Experiment Test Plan: Ad Scheduling Policy B vs A
Context
-
Objective: Evaluate a new ad scheduling policy (B) against status quo (A).
-
Readout window: 2025-08-26 to 2025-09-01 (inclusive), i.e., last 7 days ending today (2025-09-01).
-
Users can interact across web, iOS, and Android with multiple impressions per day. Known seasonality by day-of-week and time-of-day. Some creatives are long-form video.
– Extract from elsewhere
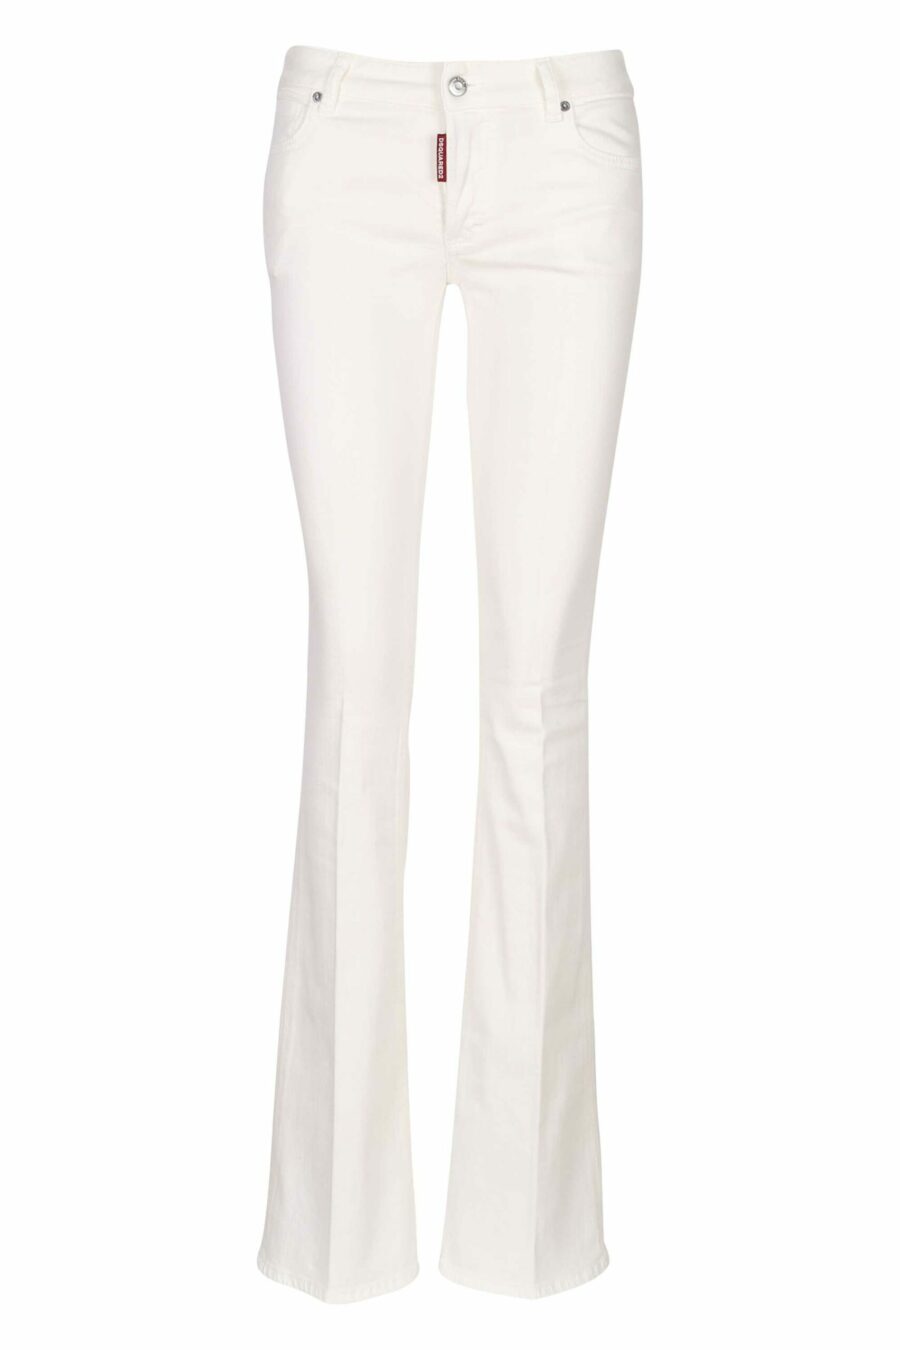 Weiße "twiggy jean" Jeans mit weitem Stiefel - 8054148307912 skaliert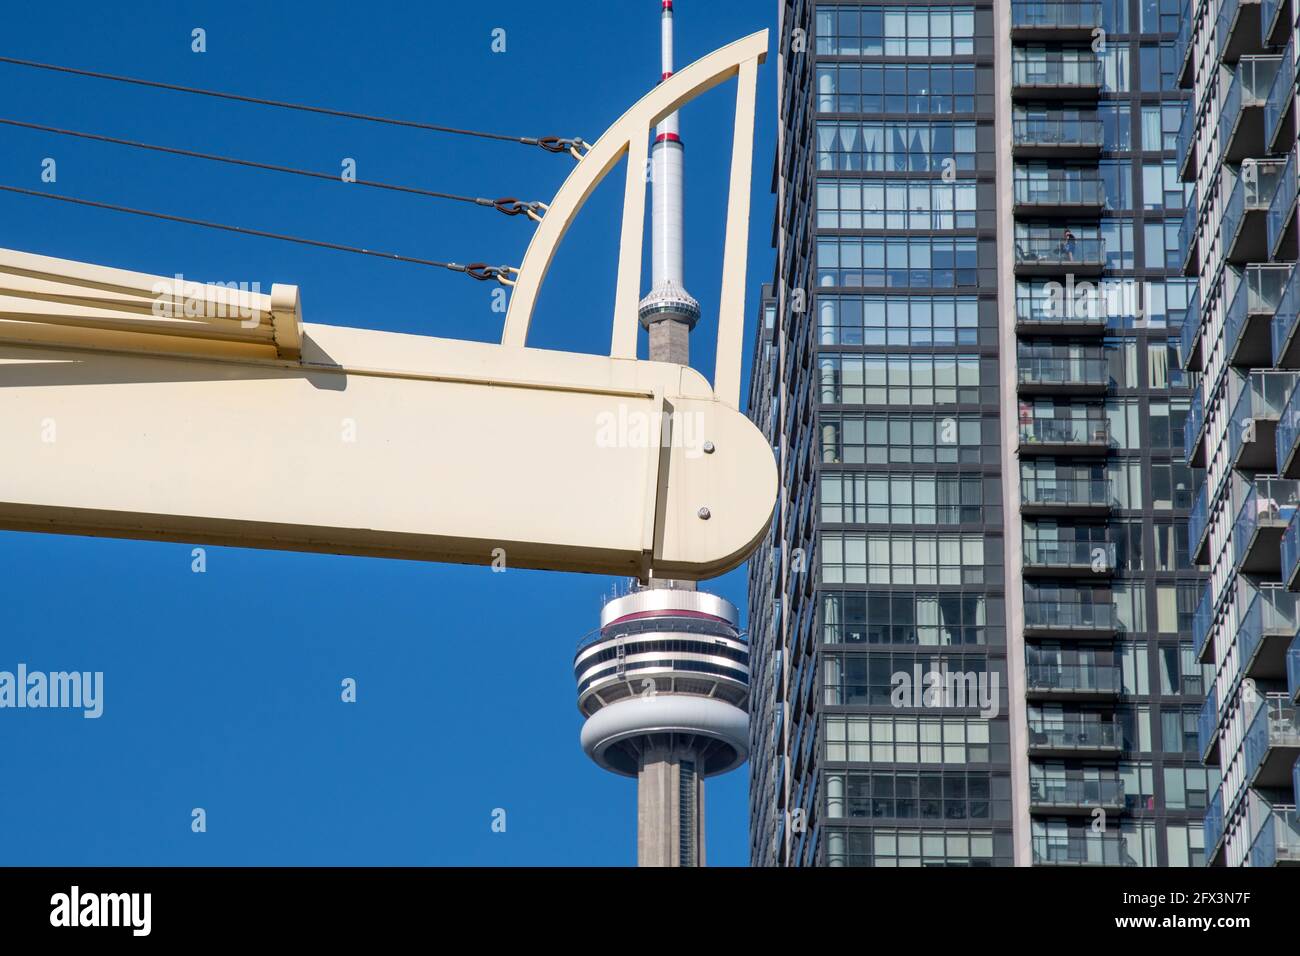 La CN Tower in una bella giornata cielo blu a Toronto, Canada. Il simbolo canadese è incorniciato dal ponte pedonale CityPlace e dai grattacieli. Foto Stock

Offline conversions (site visits) arrive with a 24–48 hour delay.
-
Primary KPI: watch_time_per_impression (seconds).
-
Guardrails: CTR, skip_rate, daily_active_users (DAU), complaint_rate.
Tasks
Provide a precise test plan and analysis procedure addressing the following, with justifications:
-
Randomization unit and exposure control
-
Choose user-level, device-level, or impression-level randomization.
-
Describe exposure caps and how to prevent cross-contamination across platforms and time slots.
-
Specify the hashing/bucketing key.
-
Stratification and variance reduction
-
Specify strata (e.g., platform × day-of-week × time-slot).
-
State whether CUPED will be used, with exact pre-period dates.
-
Define the CUPED covariate and show the adjusted estimator formula.
-
Metric definitions
-
Formalize primary KPI and guardrails (numerators/denominators).
-
State whether analysis is intent-to-treat.
-
Explicitly handle zeros and outliers (e.g., winsorization rules).
-
Tail choice and statistical test
-
Justify one-tailed vs two-tailed for the primary KPI.
-
Choose an appropriate test (e.g., Welch’s t, stratified difference-in-means, or permutation) and provide the test statistic.
-
Sample size and stopping
-
Compute or outline the per-variant sample size for a +5% lift in mean watch_time_per_impression, baseline mean 42s, SD 55s, alpha=0.05 (two-sided), power=0.8.
-
Describe any sequential monitoring rule (e.g., always-valid methods) if interim looks are planned.
-
Readout
-
Define the exact 95% CI to report and how to pool across strata.
-
Explain multiple-testing adjustments for guardrails (e.g., Holm).
-
Include at least two diagnostic checks for randomization balance and two for seasonality/novelty effects.
-
Sensitivity to delayed offline conversions
-
Describe how you would re-run the analysis if offline conversions are incomplete for the last 48 hours, and how that affects the readout window.